Опять звонкий смех. Я подумал, что так часто может смеяться человек, которому на самом деле хочется плакать.

– Я тогда была по фамилии Рябая. Это теперь я как бы Каминская, по Аркаше. И была я Мария, а не Марина.

– А зачем? – Алешка опять наивно защелкал ресницами.

– Ну... Мария, Маруся, Машка – очень уж простые имена, для звезды не годятся. Я теперь Марина стар!

– Да вы еще и не такая уж старая, – наивно польстил ей Алешка.

Не знаю, как там Мариша ходила по подиуму, но что она умеет хорошо делать, так это звонко смеяться.

– Да не старая! – стала она объяснять Алешке. – А стар! Звезда по-английски. А Марина с иностранного как бы морская. Морская звезда, типа того.

Алешка приоткрыл рот, похлопал ресницами и сказал:

– А давайте я ваш портрет в виде морской звезды нарисую. С автографом. И со всякими щупальцами.

Ну вот теперь еще и этот малец над ней подшучивает. Я никак не мог понять, почему Мариша так часто и с таким удовольствием приглашает нас в гости. А потом вдруг догадался. Перед кем ей еще хвастаться? Она в Москве, в общем-то, чужой человек из какого-то Лопушанска. Кому она тут интересна и нужна? Какой такой элите? Вся ее элита – это маникюрша, ветеринарша и звезды на журнальных страницах и обложках. Даже какой-то нелепый художник над ней посмеялся.

Жалко мне ее. И Аркашу тоже. Я случайно услышал мамин-папин разговор, что у Аркаши дела идут не очень. Что он очень скоро может разориться. А все потому, что много денег тратит на охрану и на Маришу.

– Мариша, Мариша... – сказал папа, постучав пальцем по столу. – «Мисс Мормышка».

– Как-как? – удивилась мама. – Ну-ка, повтори, отец. Что за кличка такая?
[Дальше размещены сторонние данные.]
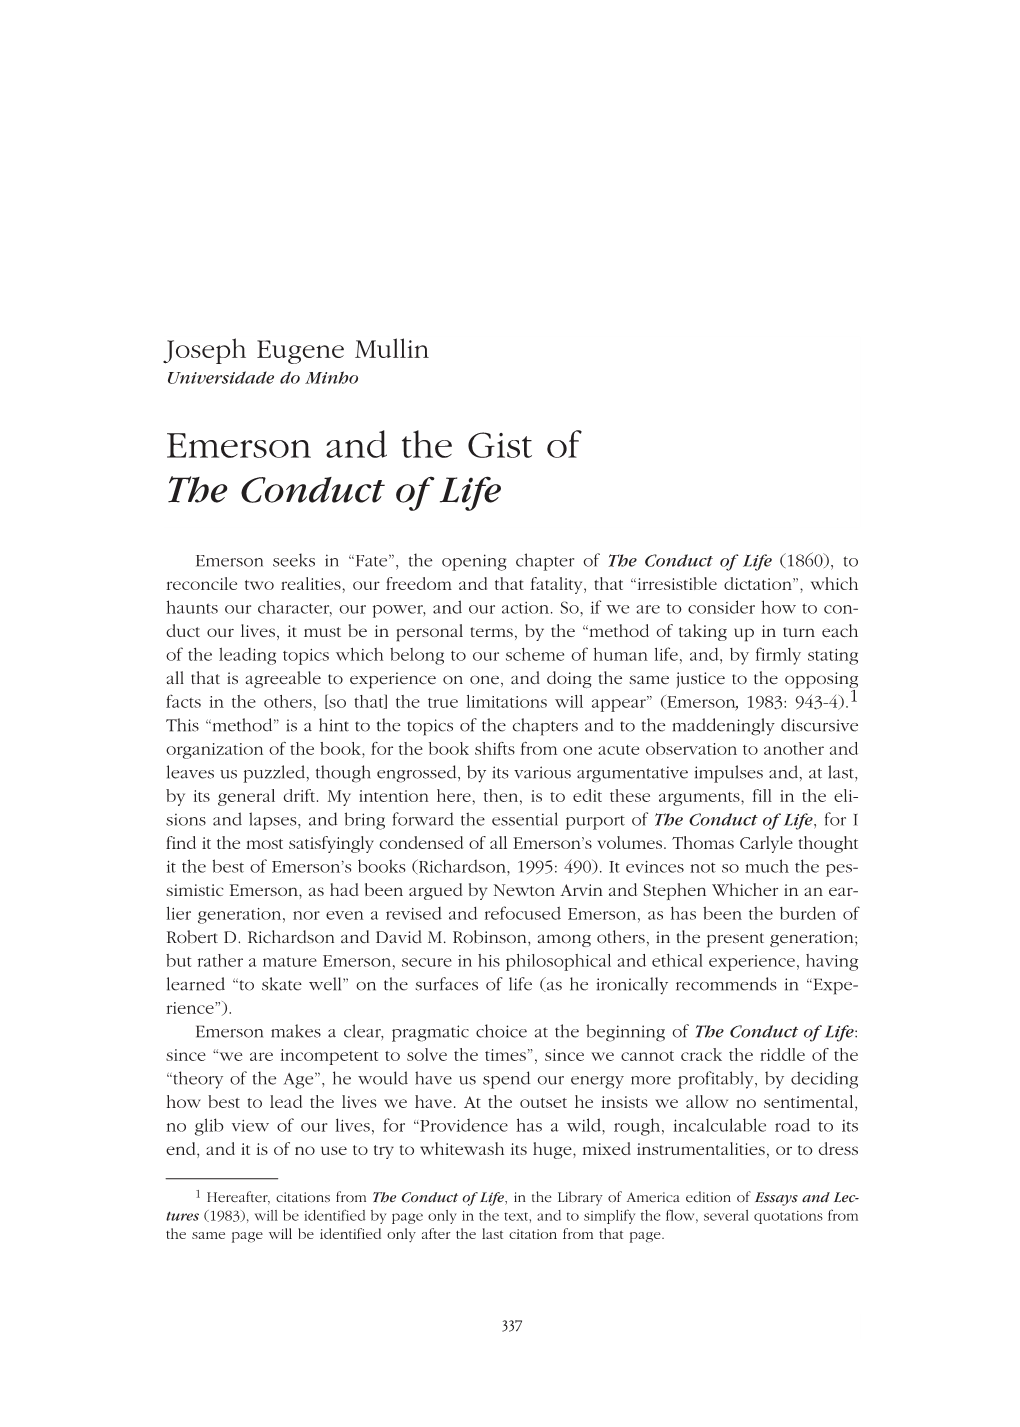 Emerson and the Gist of the Conduct of Life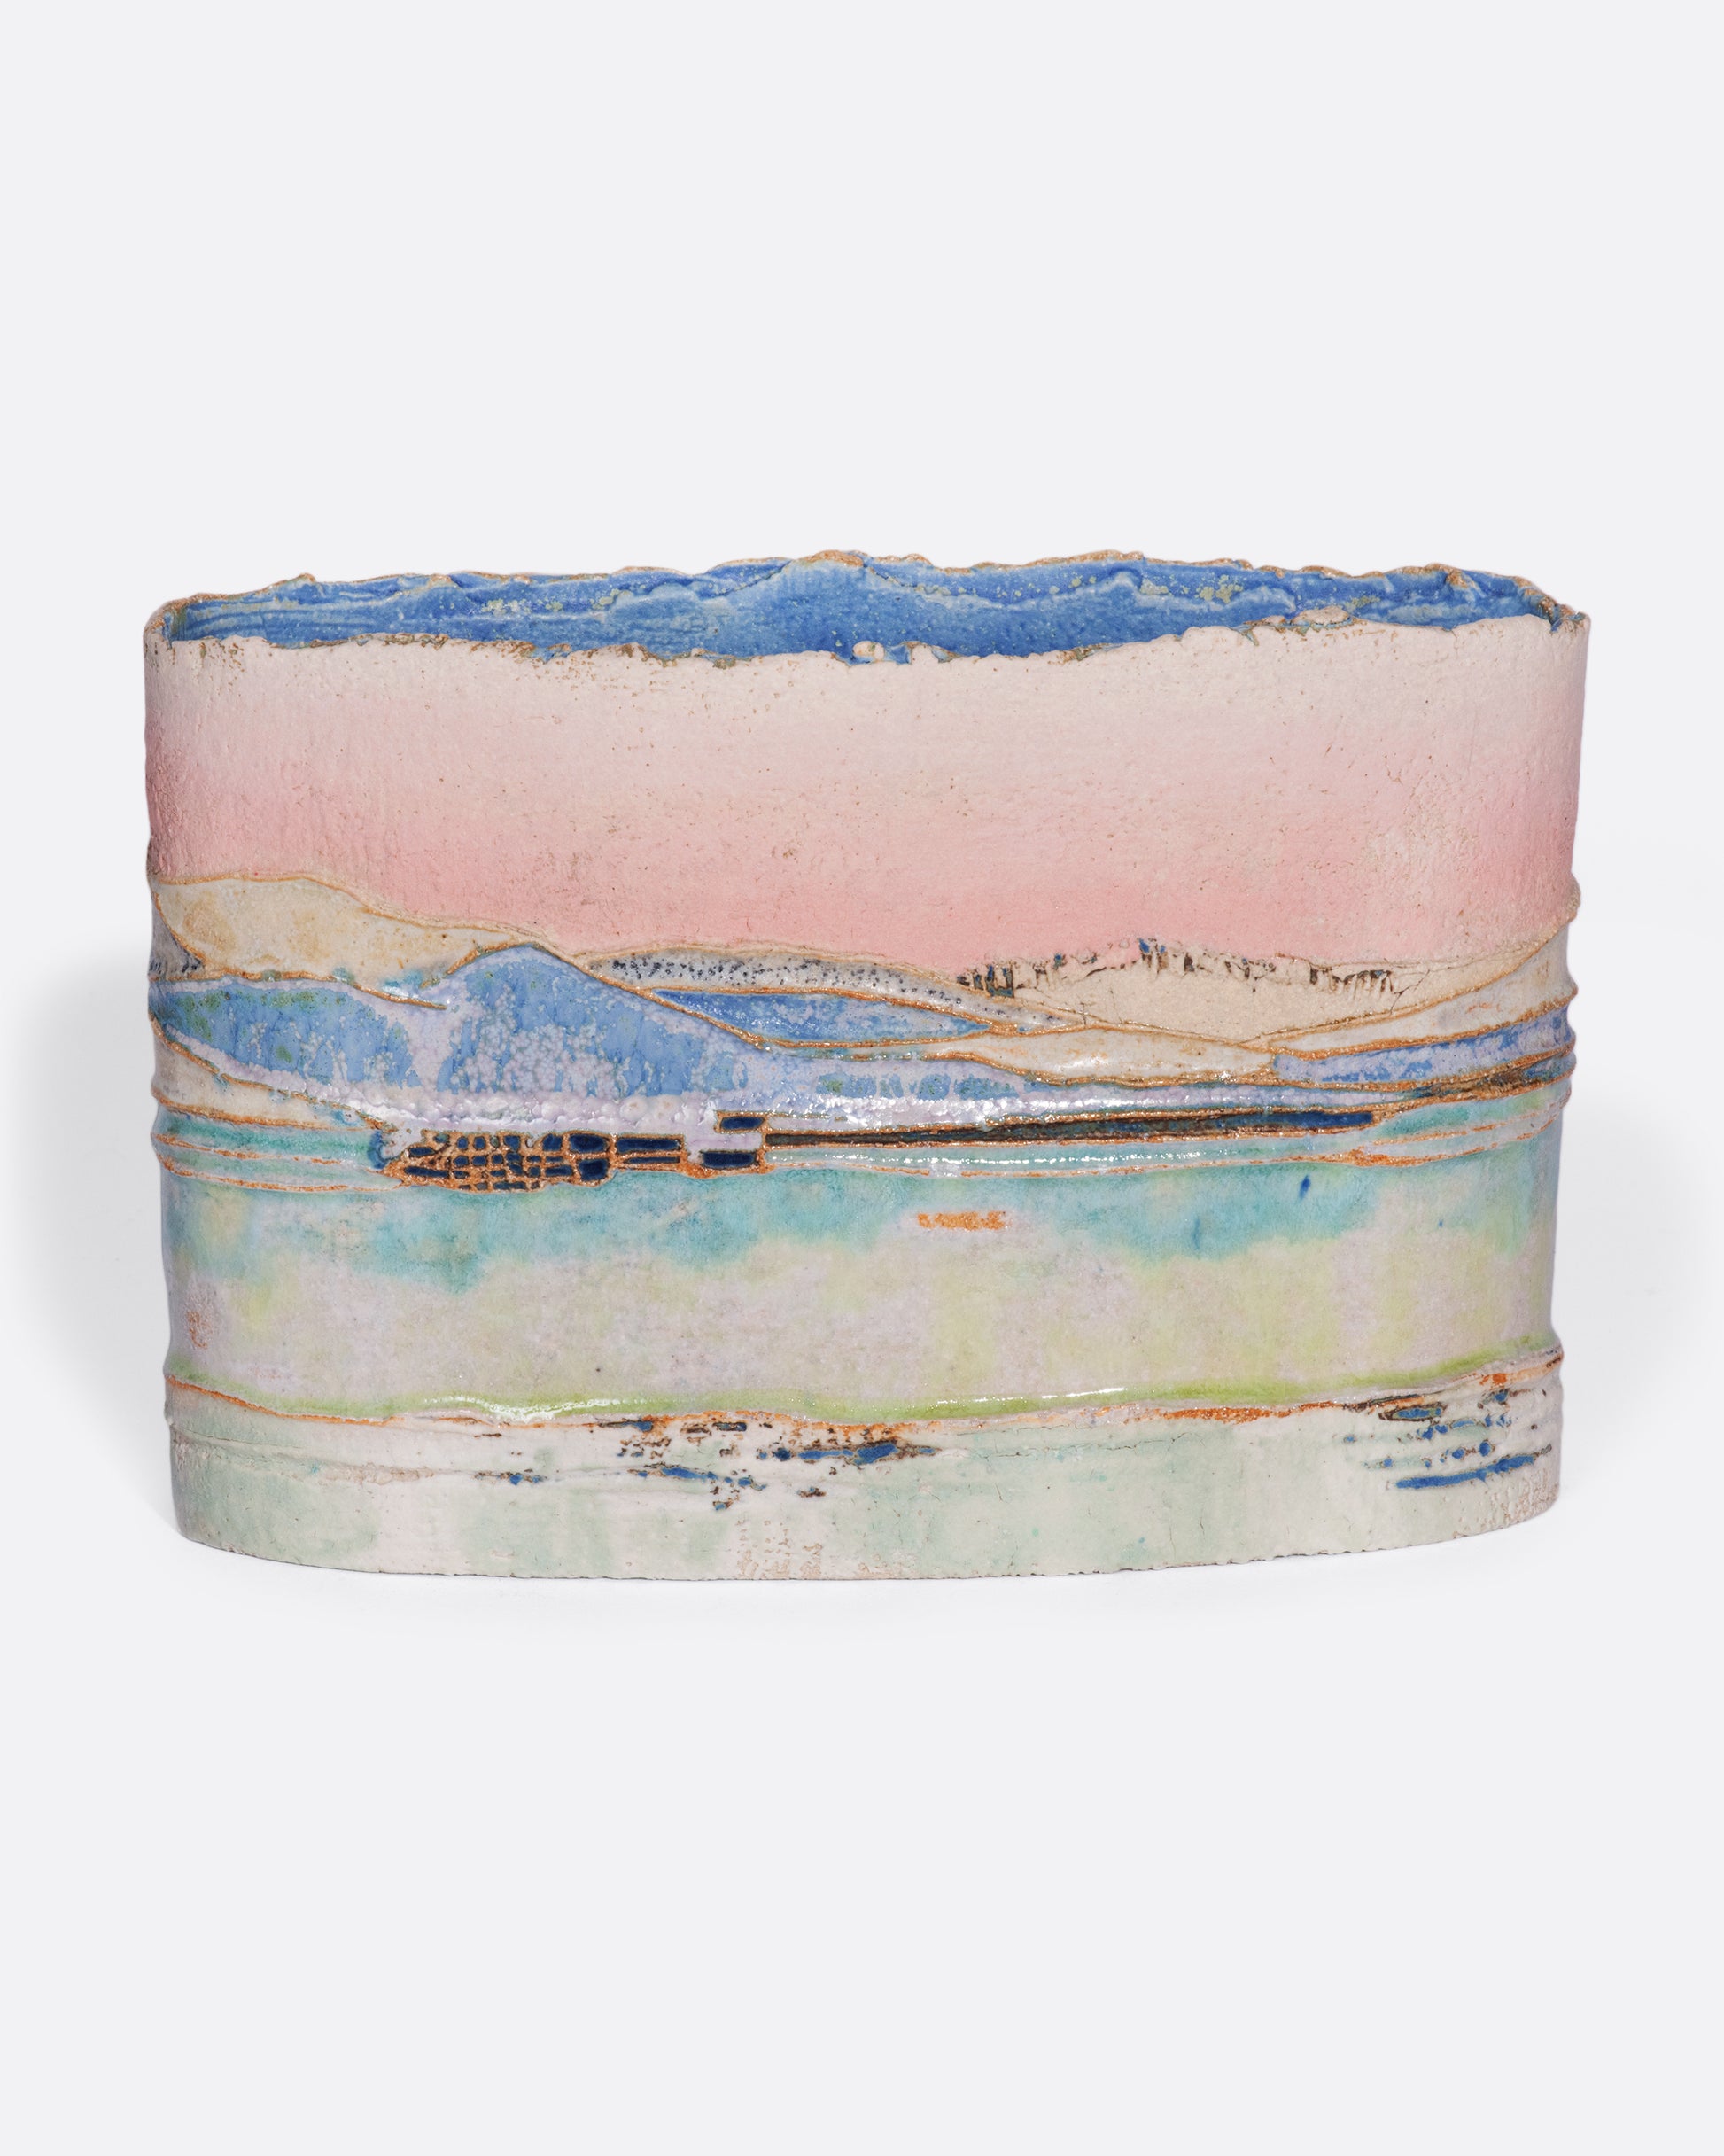 This ceramic vessel is meticulously handmade with many layers of glaze atop stoneware clay, creating a rich, varied texture. The landscape feels like you're gazing across a lake, watching clouds pass and reflect on its surface

Наш папа в молодости был заядлым охотником и рыболовом. До тех пор, пока не женился на нашей маме. Наша мама, конечно, не возражала против рыбалки и охоты, но наш папа решил, что проводить время рядом с нашей мамой гораздо приятнее и полезнее, чем на рыбалке или на охоте. Ну, может, не папа так решил, а мама – это неважно. Рыбалка и охота у него закончились, но воспоминания о них остались. И папа объяснил маме:

– Мормышка это, мать, такая приманка на зимней ловле. На крючок цепляется кусочек блескучей фольги. Не настоящая приманка в виде хлебушка, мотыля или червячка, а яркая штучка. И рыбка на нее клюет. И попадается. Вот так попался и наш Аркаша. Клюнул на блестящую безделушку.

– А ты? – вдруг спросила мама.

Папа усмехнулся и ее успокоил:

– Не волнуйся, мать, я клюнул на настоящего добротного червячка.

– Спасибо, – сказала мама. – А на кого я клюнула-то?

– Ты не клюнула, – сказал папа. – Ты попала в сети моего обаяния.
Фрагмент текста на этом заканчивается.